Research focus
Stem cells are the origin of the mammalian system. As stem cells possess the remarkable ability to self-renew and differentiate into diverse specialized cell types, they are the fundamental driving force behind both early embryonic development and the profound regenerative potential required to repair damaged tissues throughout our lives.
Our research explores the intricate mechanisms underlying neurodevelopment and regeneration, with a primary focus on the molecular regulation of neural stem and progenitor cells across the lifespan and following injury in the central nervous system (CNS). Our ultimate goal is to leverage the profound insights of developmental and stem cell biology for regenerative medicine.
To elucidate the molecular and cellular dynamics of stem cells, my lab utilizes cutting-edge technologies, including:
- Single-cell and spatial omics
- Advanced computational algorithms
- Human organoids
- CRISPR and gene editing
Our ongoing research comprises three main directions, all with a strong emphasis on human stem cell biology:
1. Stem Cells and Development
Goal: To investigate the stem cell subtypes that give rise to distinct neural subpopulations in the developing human CNS, and to leverage this knowledge to develop new stem cell therapies for precise cell fate control in CNS injuries.
Our previous work has revealed the vast heterogeneity of different neural cells, including neural stem cells in the developing human brain and spinal cord. However, a major ongoing challenge in the field is that single-cell and spatial omics cannot always fully distinguish between a true "subtype" and a "transient cell state" due to the highly dynamic molecular changes occurring during development.
To overcome this, we are currently utilizing high-resolution spatial transcriptomics on early developmental human CNS tissues and developing novel bioinformatic pipelines to precisely identify spatially organized stem cell subtypes. Moving forward, we aim to translate these findings into advanced treatments for CNS injuries, utilizing combinatorial approaches with genetic perturbation.
2. Stem Cells and Aging
Goal: To elucidate how human neural stem and progenitor cells lose their regenerative potential during maturation and aging, and to discover pathways to rejuvenate the aged CNS.

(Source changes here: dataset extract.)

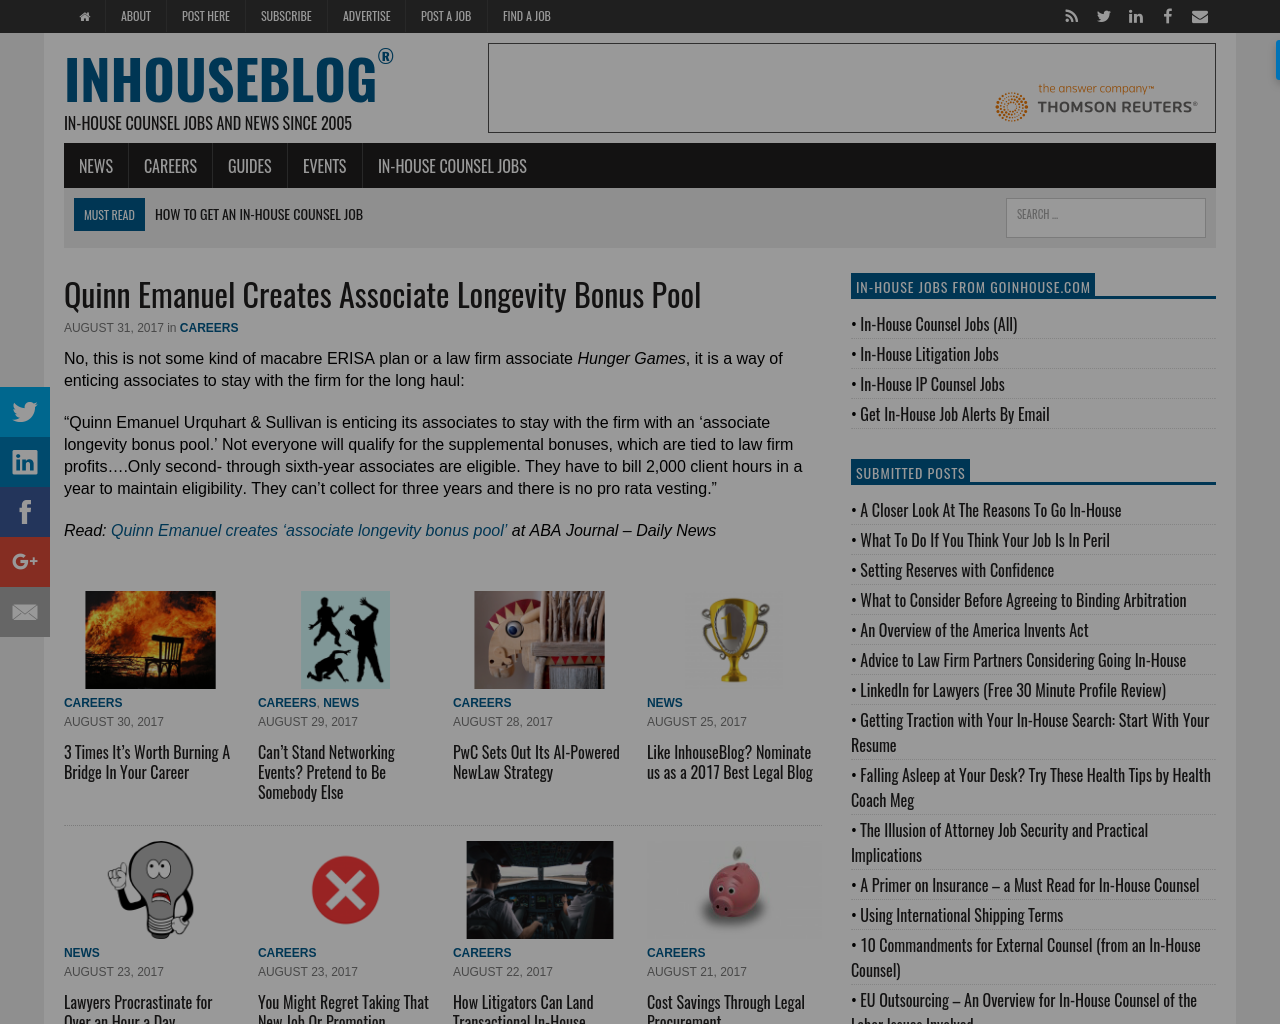 Inhouseblog-Advertising-Reviews-Pricing

A fundamental barrier to regenerating a damaged CNS is the loss of robust stem cell properties as the human body matures and ages. It remains highly controversial whether human neural stem cells in adulthood can be safely reactivated, or whether functional neural stem cells even persist in the adult human CNS. Our lab is actively investigating whether these cells exist throughout the human lifespan and mapping the key genetic and epigenetic regulations that drive them into states of quiescence or senescence.
3. Stem Cells and Disease Origin
Goal: To reveal the developmental origins of severe CNS diseases and identify novel therapeutic targets.
Expanding beyond development and regeneration, I launched two new research lines in 2022 focusing on the origins of CNS diseases, specifically targeting pediatric brain tumors (ependymomas) and Alzheimer’s disease (AD).
Our prior research demonstrated that cancer stem cells in ependymomas actively recapitulate neurodevelopment. This revealed critical molecular signatures that can serve as targets for the tumor's origin without interfering with the normal developing brain. We are now applying single-cell and spatial omics to human ependymomas to correlate these molecular mechanisms with patient survival and tumor recurrence. Furthermore, we are investigating whether age-related neurodegenerative diseases like AD may also harbor a developmental origin, utilizing genetically modified animal models alongside human patient-derived organoids.